* [REQUIRED ACTION] Would you repeat the whole listing exactly?

* [SOURCE DATA]
# # # # # # #

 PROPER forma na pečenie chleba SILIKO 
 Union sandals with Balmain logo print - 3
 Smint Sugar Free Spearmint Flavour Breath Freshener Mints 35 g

# # # # # # #

* [RESPONSE]
 PROPER forma na pečenie chleba SILIKO 
 Union sandals with Balmain logo print - 3
 Smint Sugar Free Spearmint Flavour Breath Freshener Mints 35 g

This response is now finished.